- Directed by: George Pearson
- Written by: Gerard Fairlie Terence Egan
- Based on: Shot in the Dark 1932 novel by Gerard Fairlie
- Produced by: Julius Hagen
- Starring: Dorothy Boyd O. B. Clarence Jack Hawkins Michael Shepley
- Cinematography: Ernest Palmer
- Edited by: Lister Laurance
- Production company: Twickenham Studios
- Distributed by: Radio Pictures
- Release date: November 1933;
- Running time: 53 minutes
- Country: United Kingdom
- Language: English

= A Shot in the Dark (1933 film) =

Shot in the Dark (also known as A Shot in the Dark) is a 1933 British mystery film directed by George Pearson and starring Dorothy Boyd, O. B. Clarence, Jack Hawkins and Michael Shepley.

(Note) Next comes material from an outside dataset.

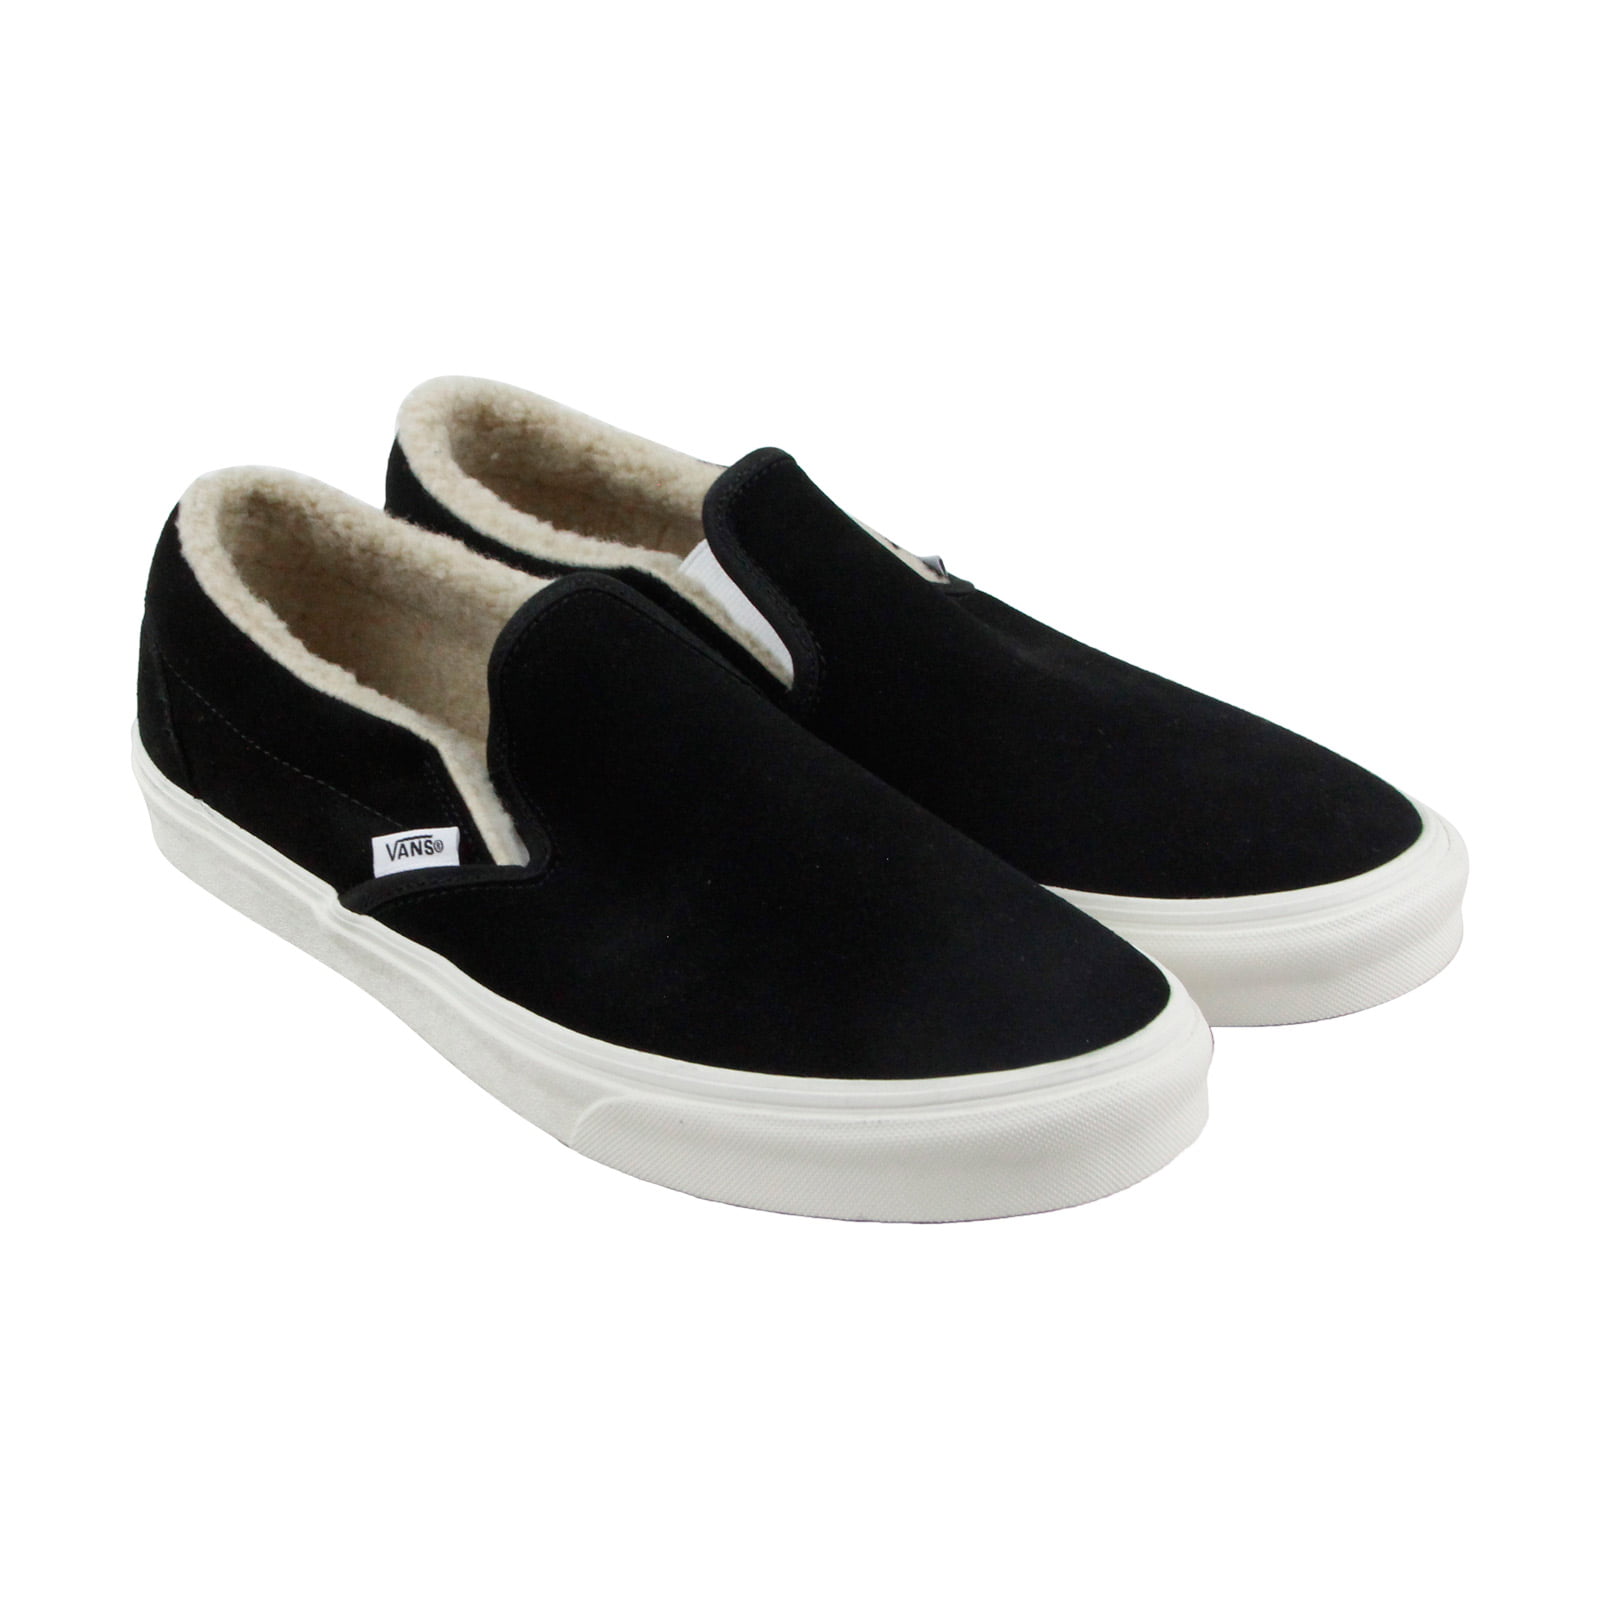 Vans Classic Slip On Mens Black Suede Slip On Sneakers Shoes - Walmart.com
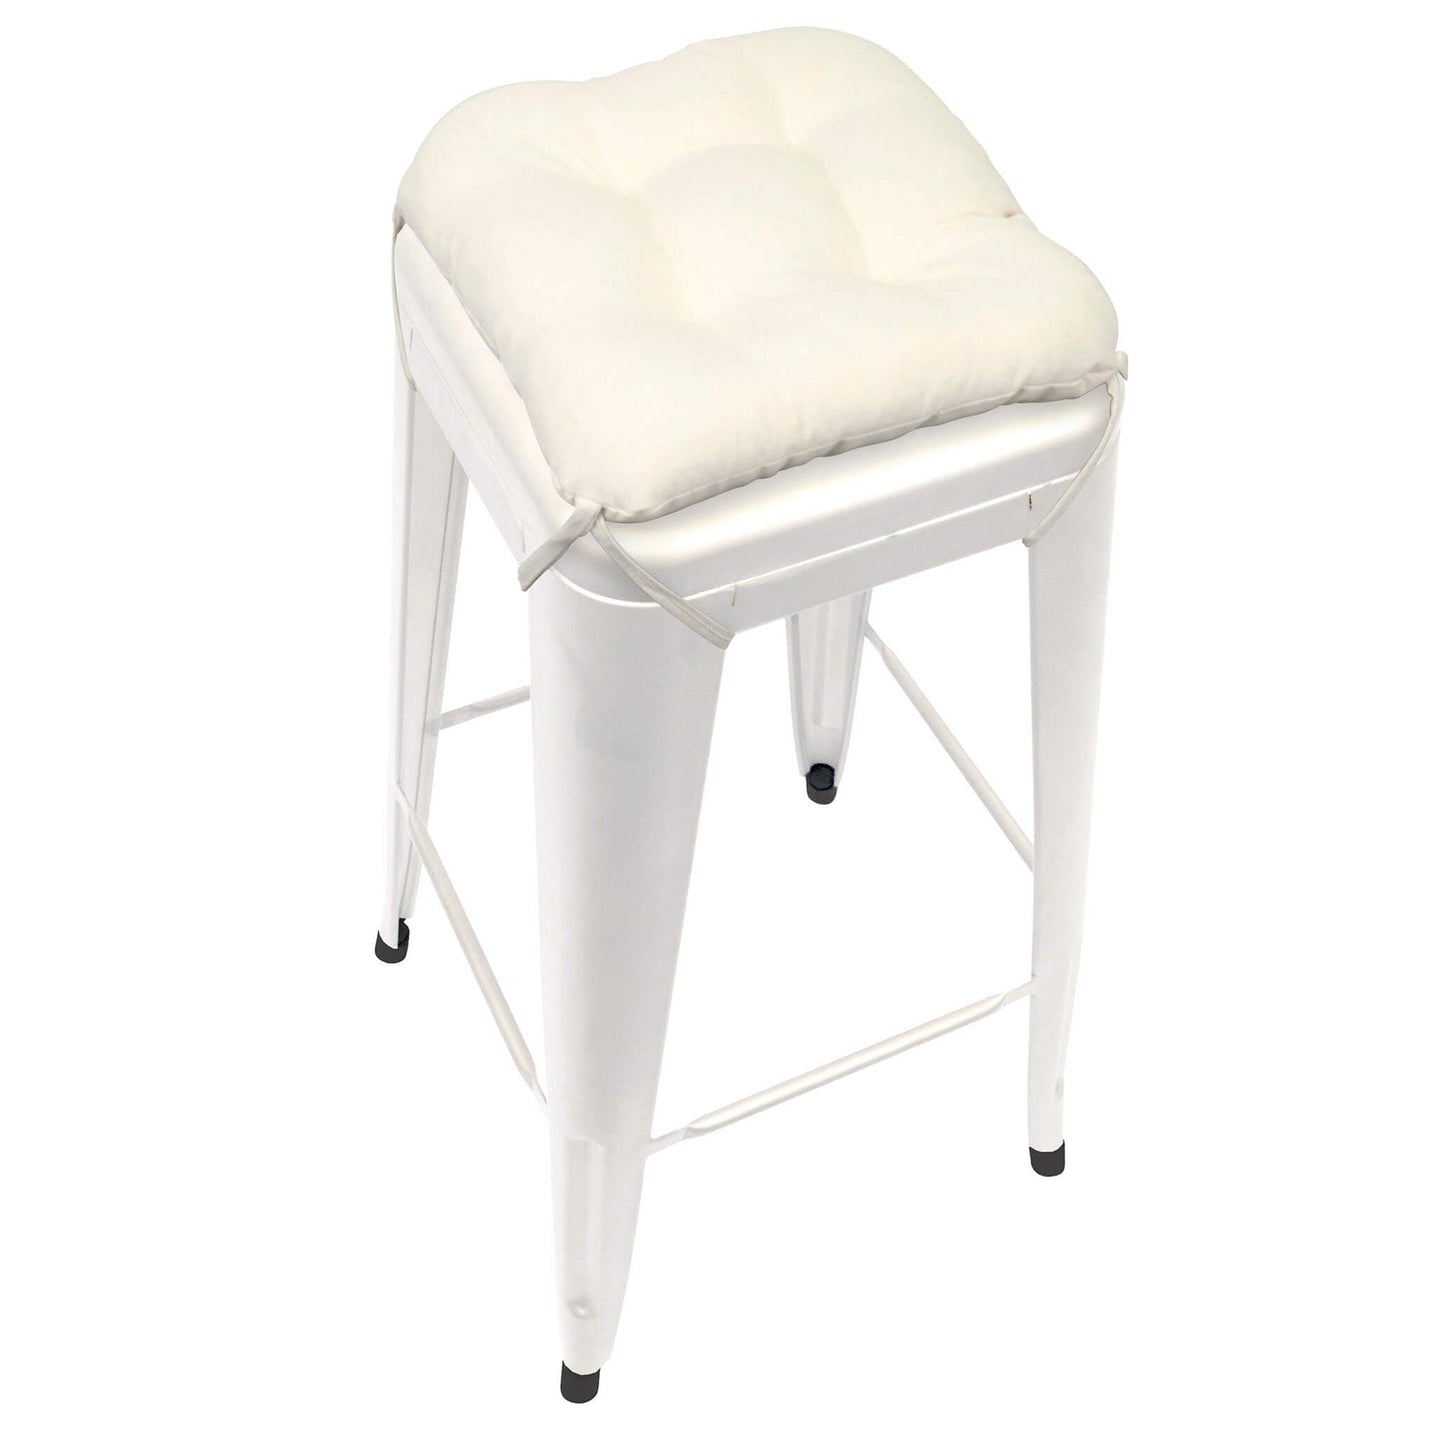 Cotton Duck Natural Square Industrial Bar Stool Cushion - Latex Foam Fill - Barnett Home Decor - Cream - White

The film was adapted by Pearson and Terence Egan and written by Gerard Fairlie from his eponymous 1932 novel, and shot at Twickenham Studios in London as a quota quickie for release by RKO Pictures.

==Synopsis==
When a wealthy old man dies suddenly, a local priest suspects something and begins to investigate.

==Cast==
- Dorothy Boyd as Alaris Browne
- O. B. Clarence as Reverend John Makehan
- Jack Hawkins as Norman Paull
- Michael Shepley as Vivien Waugh
- Davy Burnaby as Colonel Michael Browne
- A. Bromley Davenport as Peter Browne
- Russell Thorndike as Doctor Stuart
- Hugh E. Wright as George Yarrow
- Henrietta Watson as Angela Browne
- Margaret Yarde as Kate Browne

==Critical reception==
Kine Weekly wrote: "The opening stages are well-developed, but the progress of the plot is considerably slowed by the many false clues which hinder the investigator. Credulity is strained by so many people attempting to commit murder on the same stormy evening."

In British Sound Films: The Studio Years 1928–1959 David Quinlan rated the film as "mediocre", writing: "Typical multi-suspect whodunnit."

Britmovie called the film a "typical multi-suspect "quota quickie""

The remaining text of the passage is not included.